# Forellenbarsche im Wörthersee in Kärnten?



## Lajos1 (8. Mai 2015)

Hallo,

ich hätte mal eine allgemeine Frage: gibt es Berichte oder Erkenntnisse über den Fang von Forellenbarschen im Wörthersee in Kärnten. In der Literatur (Unsere Süsswasserfische von Otto Schindler, Kosmos Verlag) wird schon 1959 auf einen Bestand im See hingewiesen.
Eine diesbezügliche Frage tauchte auch in der Sportfischerprüfung des Landesfischereiverbandes Bayern von 1962 auf.

Petri Heil

Lajos


----------



## Andal (8. Mai 2015)

*AW: Forellenbarsche im Wörthersee in Kärnten?*

Wenn du eine mehr als nur theoretische Chance auf Forellenbarsche in Kärnten haben willst, fahr an den Kleinsee. Da ist jedenfalls belegt, das welche vorkommen. Oder fahr gleich an den Lago Maggiore, da sollen sie auch wirklich fangbar sein, ebenfalls belegt.


----------



## Lajos1 (8. Mai 2015)

*AW: Forellenbarsche im Wörthersee in Kärnten?*

Hallo Andal,

Danke für Deine Auskunft. Ich habe allerdings kein Interesse dort zu fischen, mir ist nur wieder das Buch untergekommen und da ich nie was von Fängen im Wörthersee gehört oder gelesen habe wurde ich neugierig.

Petri Heil

Lajos


----------



## Ruti Island (8. Mai 2015)

http://mobile.austria.info/at/oesterreich-aktiv/tauchen-in-kaernten-945082.html


----------



## Andal (8. Mai 2015)

*AW: Forellenbarsche im Wörthersee in Kärnten?*

Es hat tatsächlich Anno haumichblau mal in einigen kärtner Seen solche eher uninspirierten Besatzversuche gegeben und die geistern immer noch in einigen Druckerzeugnissen herum. Das hält sich harnäckiger, als der Hausschwamm.

Ich hab selber so einen alten Schinken, in dem auf einen angeblichen Schwarzbarschbestand im Hartsee bei Rosenheim verwiesen wird.
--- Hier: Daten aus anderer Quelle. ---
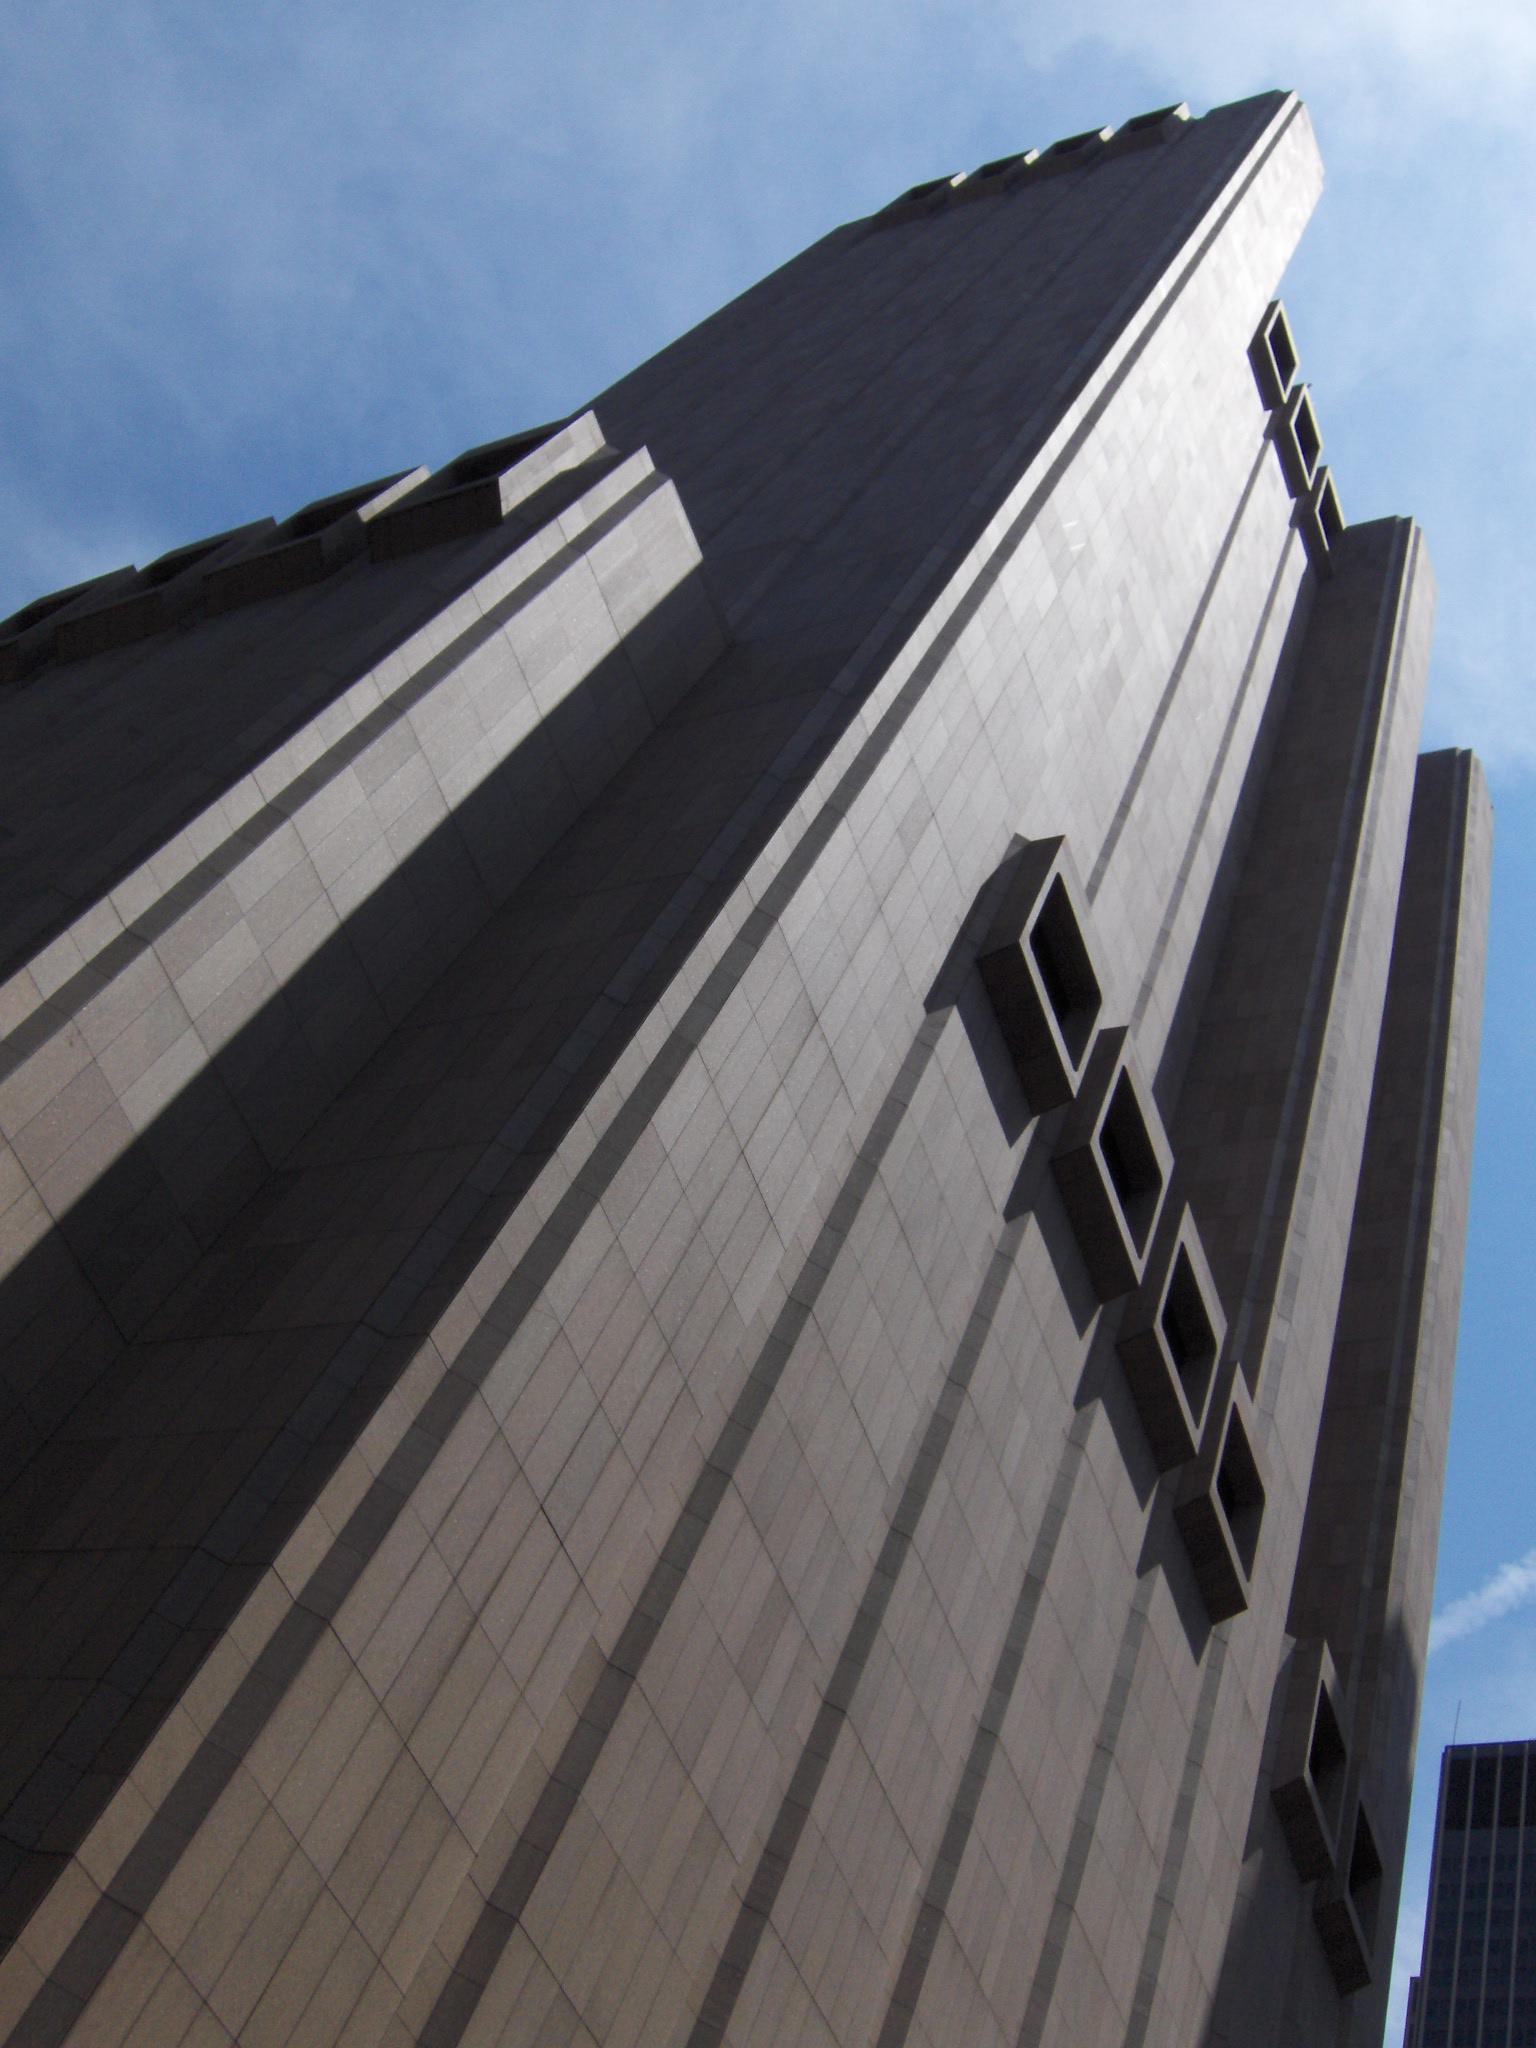 NSA secret skyscraper New York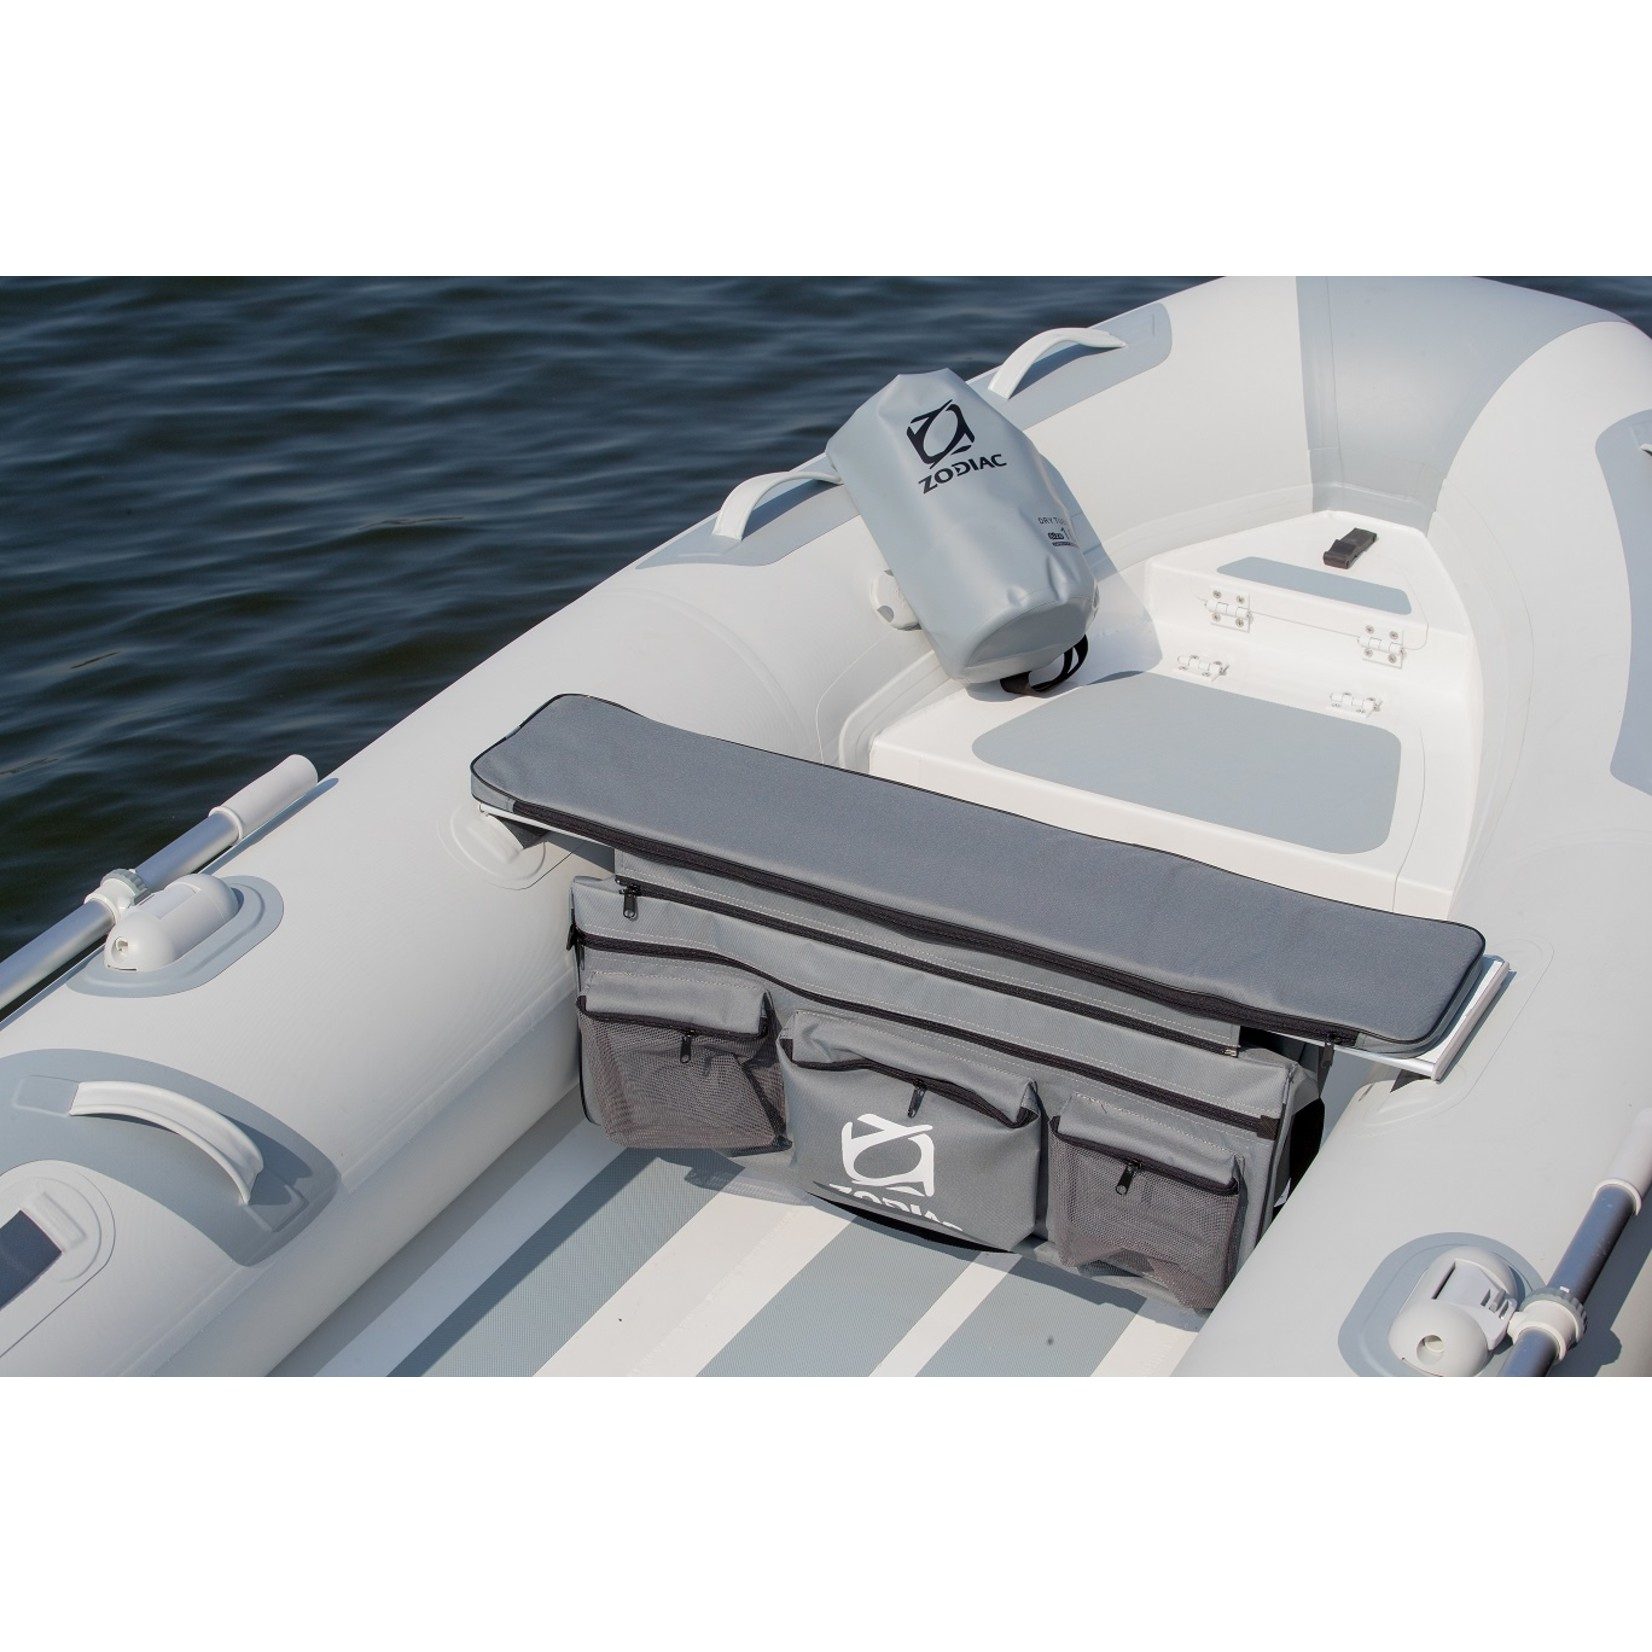 Zodiac Cadet 300 DL ALU RIB - Deck & Locker (3.03 m)

Aber da kannst du auf Barsch fischen, bis du selber schwarz wirst, einen Bass hat da noch nie einer gefangen, obwohl es angeblich immer noch welche probieren.


----------



## pateifel83 (21. Mai 2015)

*AW: Forellenbarsche im Wörthersee in Kärnten?*

hi,
ich komme aus kärnten-klagenfurt paar min vom Wörthersee weg.
Es gibt schon Forellenbarsche im See aber keinen großen Bestand. ich denke der gesetzte Bestand haltet sich gerade so.
Deswegen ist er auch ganzjährig geschont.
Es gibt bei uns in kärnten ein paar sehen wo es forellenbarsche gibt.
lg


----------